Neste momento estão a passar o armazém a pente fino à procura de alguma pista que incrimine o Lim. E também estão à procura do Gazela, pois até agora ainda ninguém teve notícias dele.
_Que cena, man.
_Podes crer pá. Parece que o plano era algo de fabuloso, a pê jota disse que nunca tinha visto nada assim, pá.
_Espectacular man. Olha, o Lim está cá?
_Ainda não o vi, pá.
_Vou ver se ele está lá dentro.
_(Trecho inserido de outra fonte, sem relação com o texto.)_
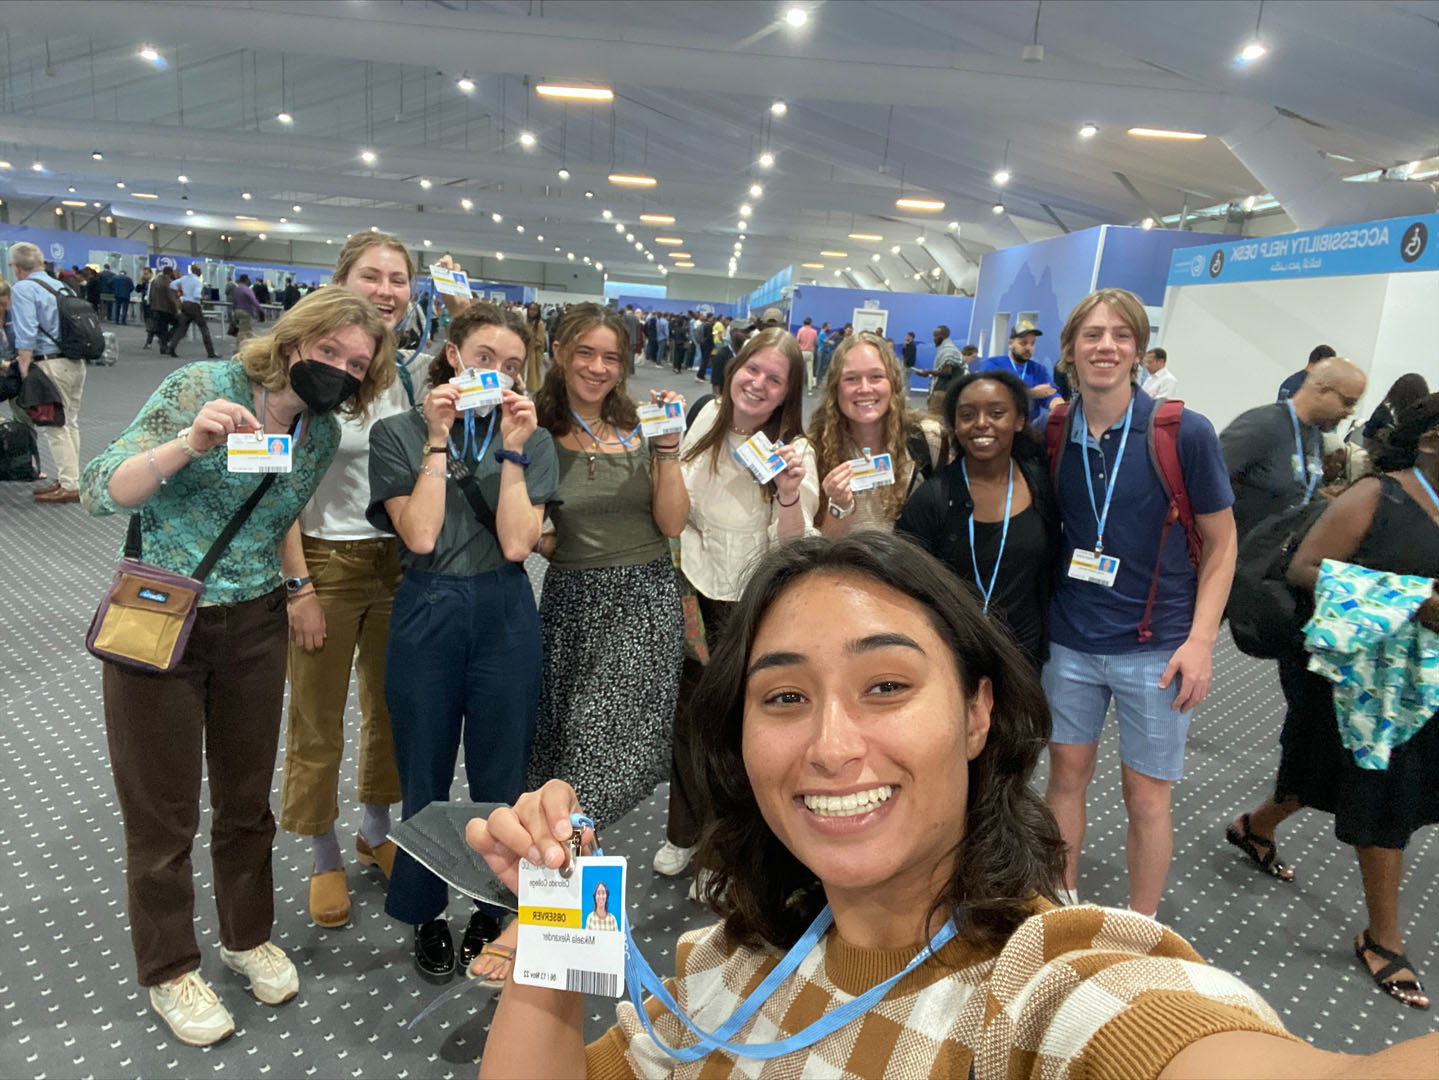 Olivia Jacobson '22, Gracie Roe '25, Reeve Schroeder '24, Mary Andrews '23, Mika Alexander '23, Rhetta Power '23, Layla Haji '25, Owen Brown '24, and Naomi Henry '24 are pictured getting their badges at COP 27. Photo taken and submitted by Mika Alexander '23.

Até já.
_Até já.
Fui para a sala ao lado e o Lim não estava. Foi quando reparei que a porta do quarto estava fechada. Bati à porta e como não havia resposta, entrei. Merda. O Lim não estava aqui também. Tinha que lhe ligar.
_Tou! Lim!
_Tou!
_Onde estás, man? Tenho uma cena para te contar, man.
_Não posso. Agora não. Mal possa eu ligo-te.
_Olha que é ...
Desligou-me na cara. Era primeira vez que o Lim me desligava o telefona na cara. Devia se estar a passar alguma coisa. O quê? A judite? E agora? Só posso esperar que ele me ligue. Vou para o meu apartamento. Iá. Bebo um copo, enrolo um e relaxo até ao Lim me ligar.